Nigerian-American singer and motivational speaker

Kechi Okwuchi (born October 29, 1989) is a Nigerian and American singer and motivational speaker. She was one of the two survivors in the Sosoliso Airlines Flight 1145 crash on December 10, 2005, and a finalist at the twelfth season of America's Got Talent in 2017.

==Sosoliso plane crash==
Okwuchi was one of the two survivors in the Sosoliso Airlines Flight 1145 crash on December 10, 2005, that claimed 107 lives, 59 of which were her school mates from Loyola Jesuit College. She received third degree burns over 65% of her body and was given a 30% chance of survival.

Okwuchi was air-lifted to Milpark Hospital in Johannesburg, South Africa for immediate medical attention and treatment, and later to Shriners Hospitals for Children in Galveston, Texas, United States where she has undergone over a hundred reconstructive surgeries.

==Life after plane crash==
In 2015, Okwuchi graduated from the University of Saint Thomas, in Houston, Texas, United States, with a First Class Degree. She was the student speaker at the Commencement Ceremony.
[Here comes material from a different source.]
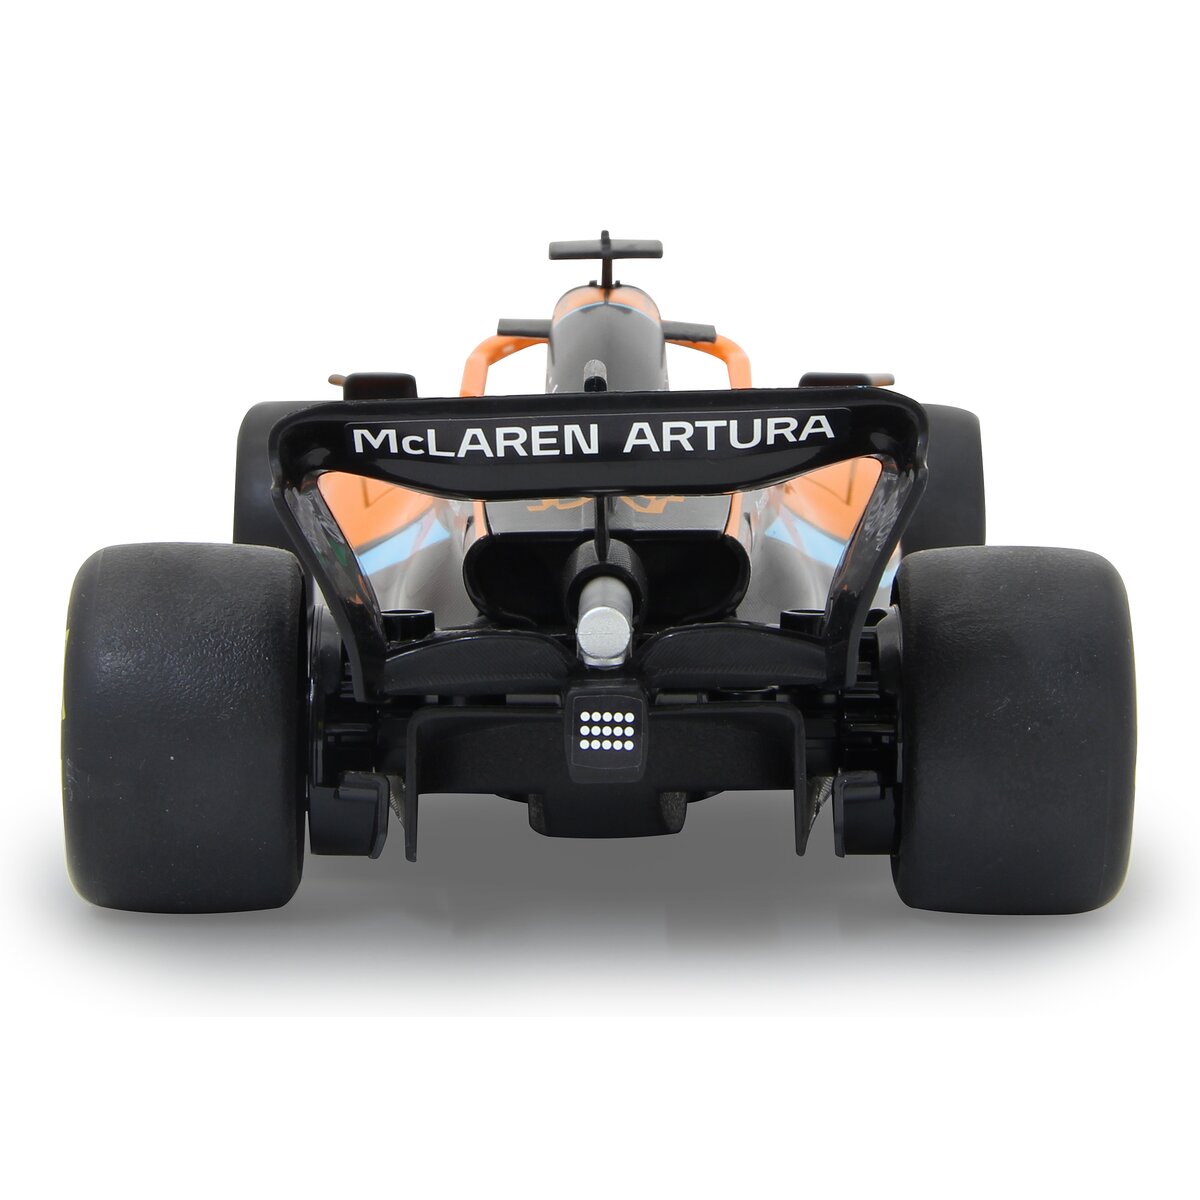 Jamara | McLaren MCL36 | 1:18 | 2,4GHz | orange

Okwuchi was a speaker at TedxEuston where she gave a talk titled Girls- know thyself.
Kechi later went on to take part in the twelfth season of America's Got Talent in 2017 as a singer, and finished the competition as a finalist. She later participated in America's Got Talent: The Champions in 2019, where Simon Cowell gave her the golden buzzer, sending her straight to the final, but in the final she didn't come in the top 5. She has performed at sporting events and other events throughout the United States, South Korea and Nigeria. Okwuchi was chosen to headline Utah's 8th Annual Women of Worth Utah in 2019.
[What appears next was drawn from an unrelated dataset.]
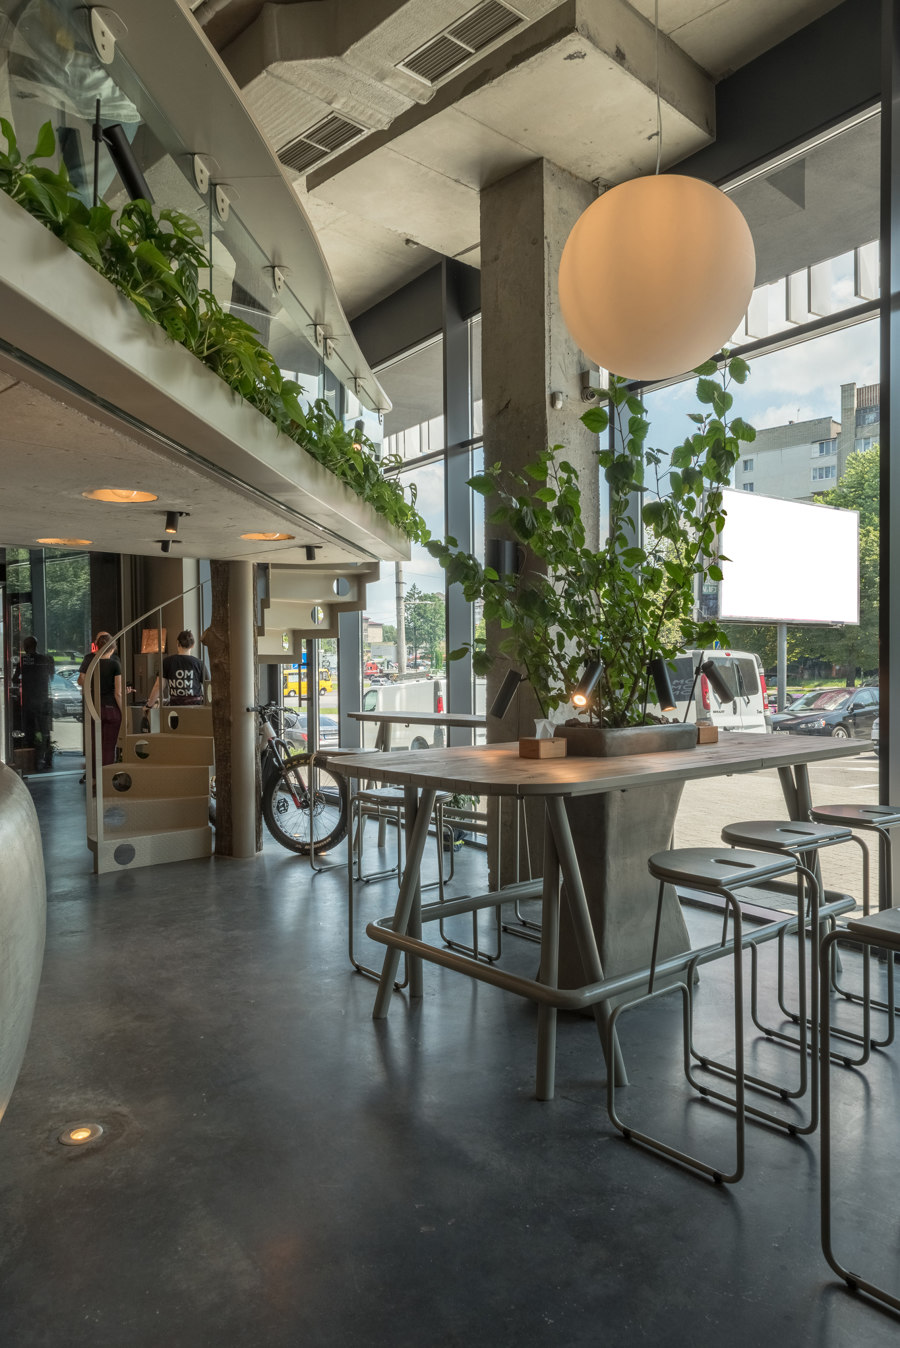 OM NOM NOM vegan cafe von replus design bureau | Café-Interieurs

Okwuchi was a participant in an National Institutes of Health and Department of Defense-funded study by the Institute for Exercise and Environmental Medicine and the University of Texas Southwestern Medical Center to develop a Burn Survivor Heat Risk Calculator, which helps burn survivors assess their heat risk during physical activity, offering recommendations based on location, activity level, and surface area of burns.